◆ **Goal of the exercise**:
Please output all of the entries exactly and omit any images they hold.

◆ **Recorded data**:
----
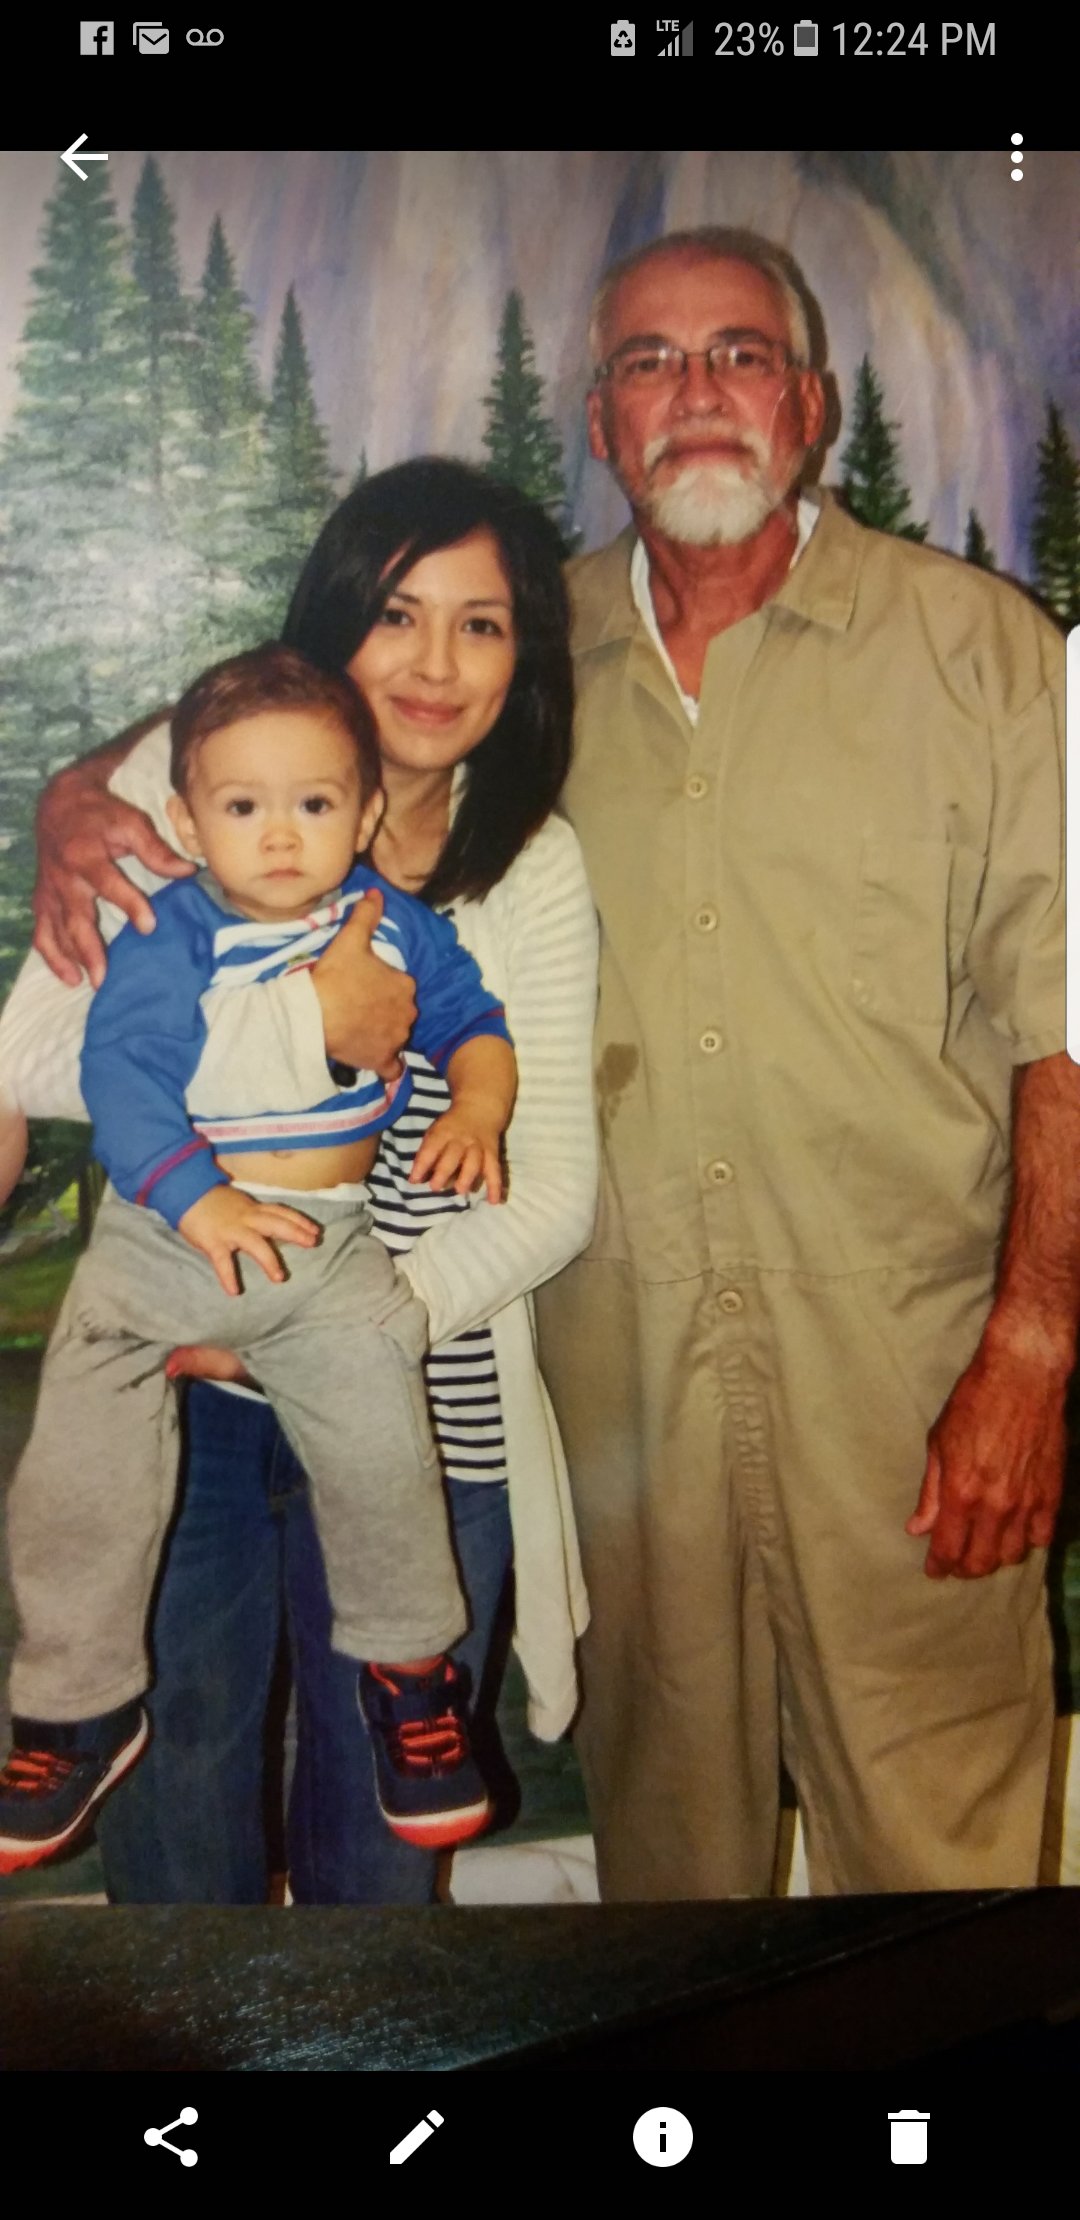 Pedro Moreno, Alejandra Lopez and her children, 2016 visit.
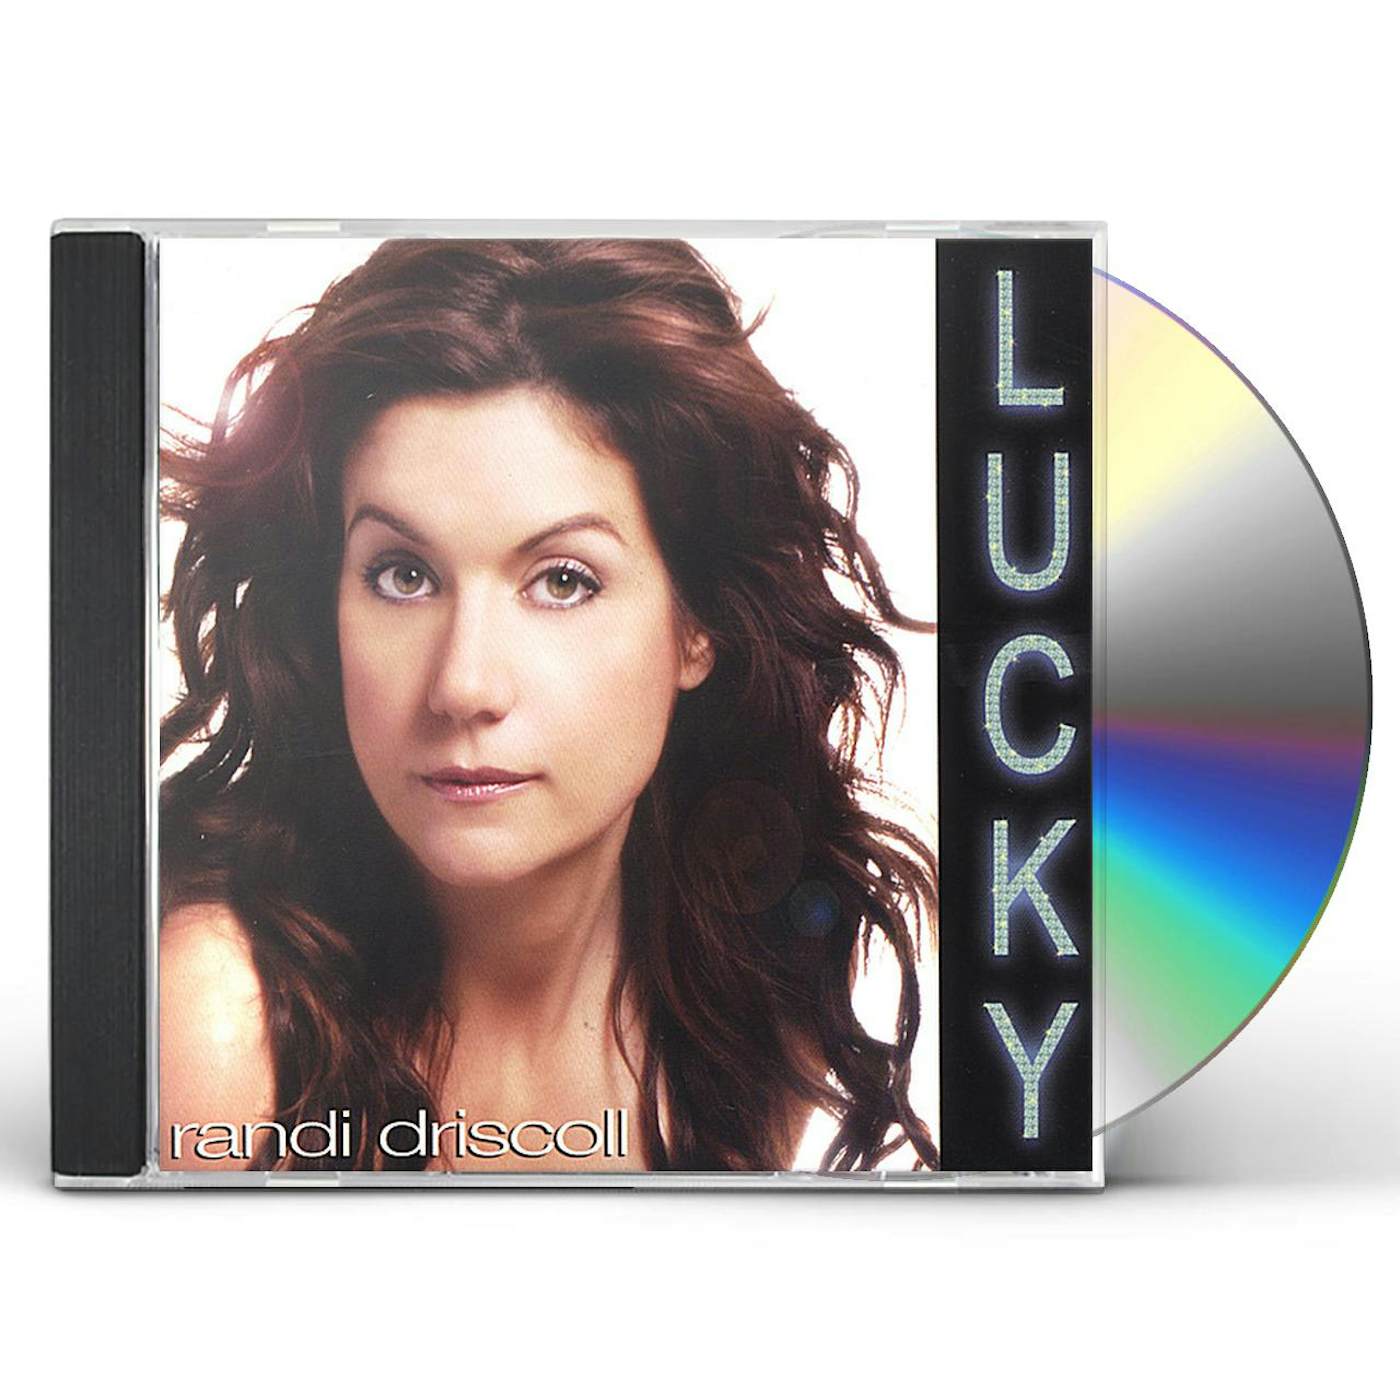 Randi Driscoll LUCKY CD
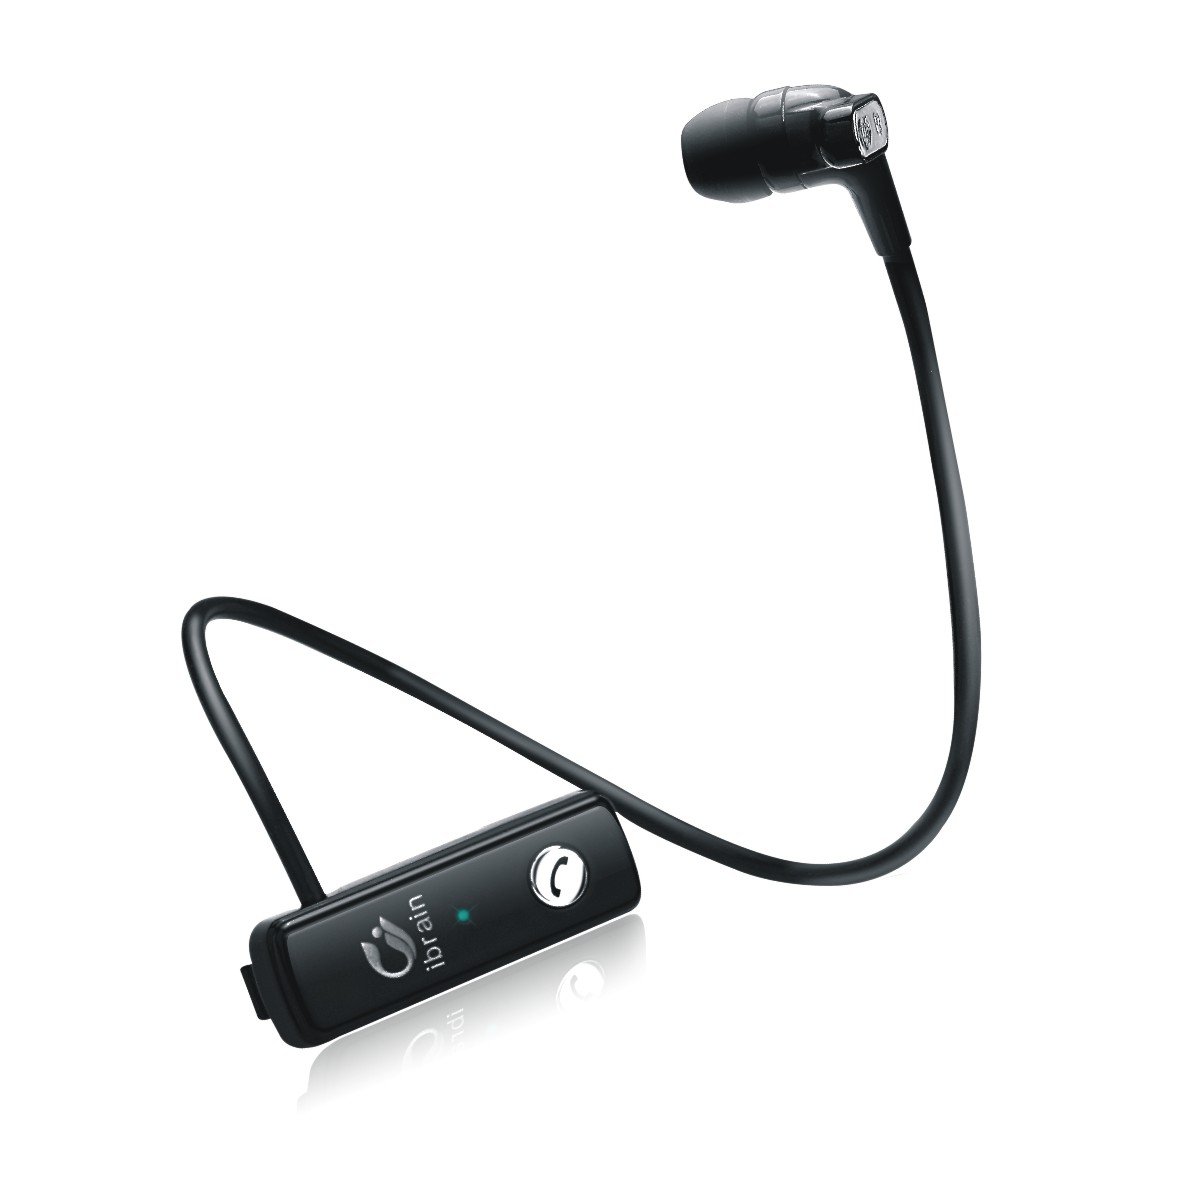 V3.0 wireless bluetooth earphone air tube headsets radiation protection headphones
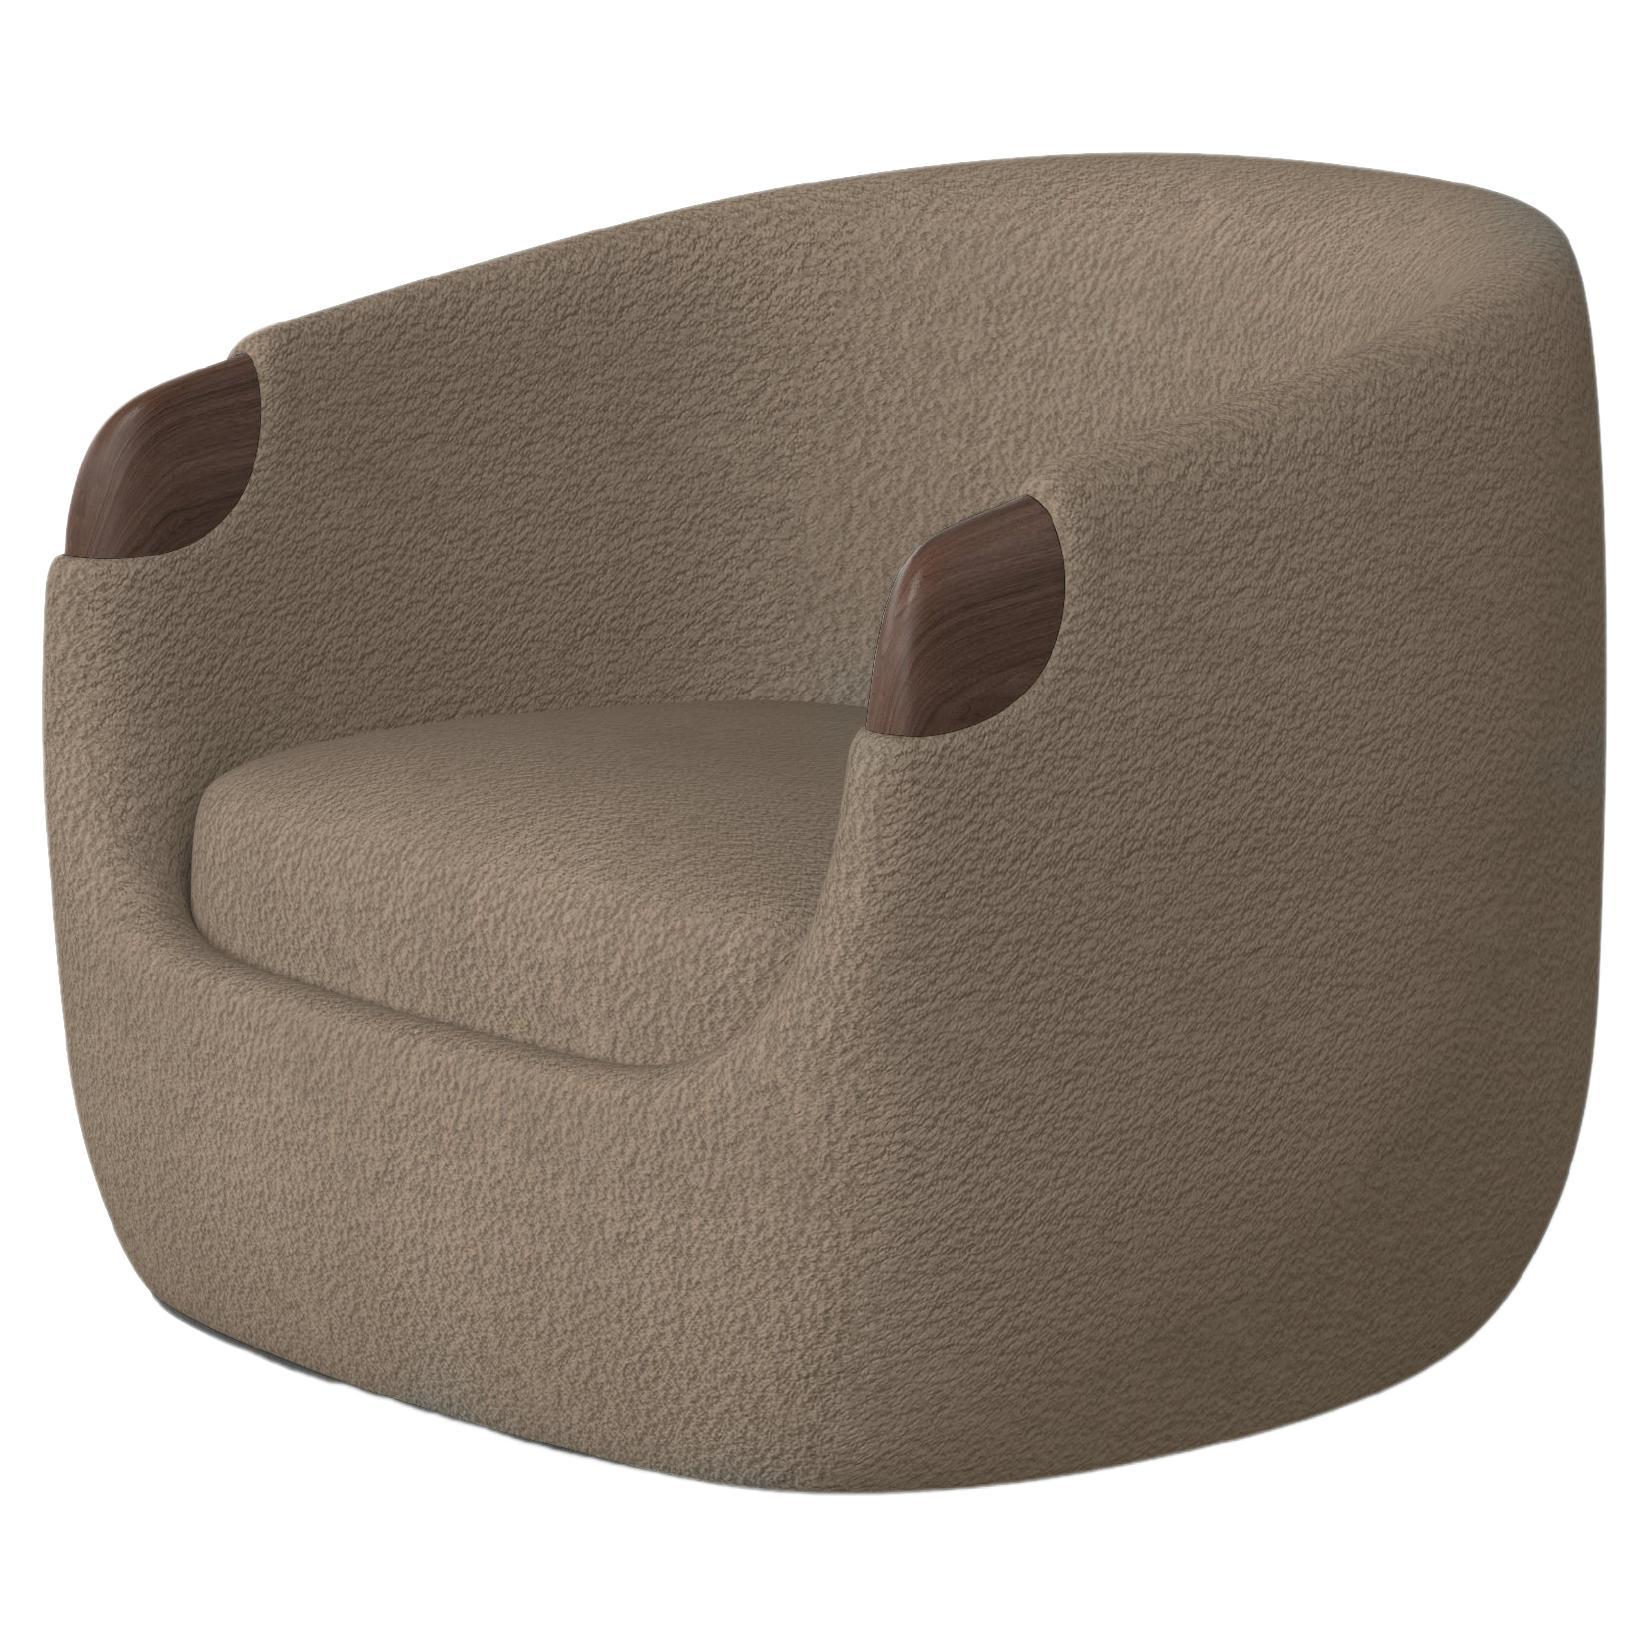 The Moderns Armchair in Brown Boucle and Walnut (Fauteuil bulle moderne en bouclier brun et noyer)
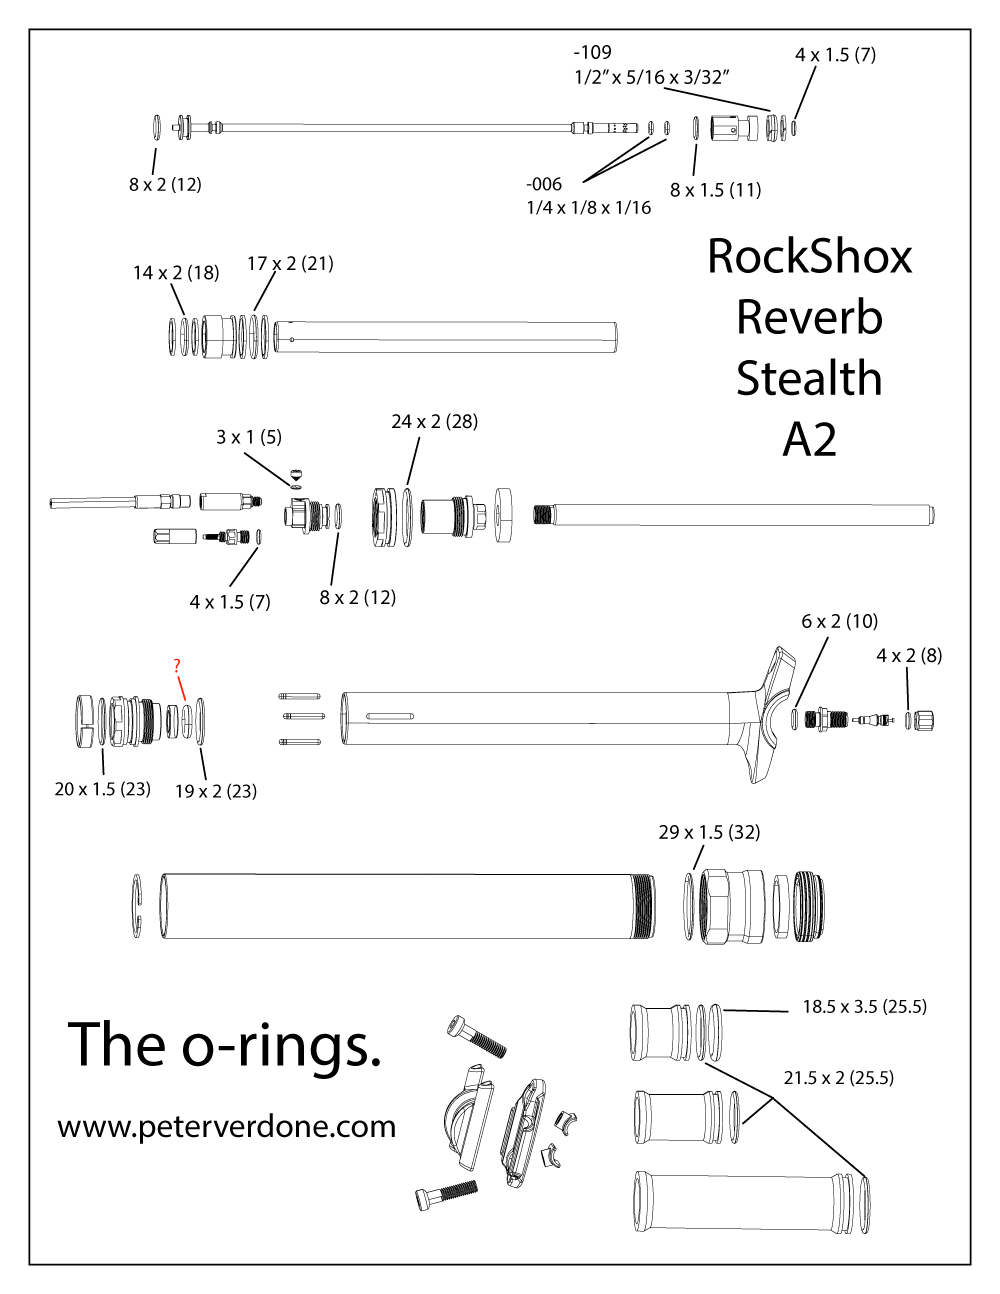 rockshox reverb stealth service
----
◆ **Output**:
 Pedro Moreno, Alejandra Lopez and her children, 2016 visit.
 Randi Driscoll LUCKY CD
 V3.0 wireless bluetooth earphone air tube headsets radiation protection headphones
 The Moderns Armchair in Brown Boucle and Walnut (Fauteuil bulle moderne en bouclier brun et noyer)
 rockshox reverb stealth service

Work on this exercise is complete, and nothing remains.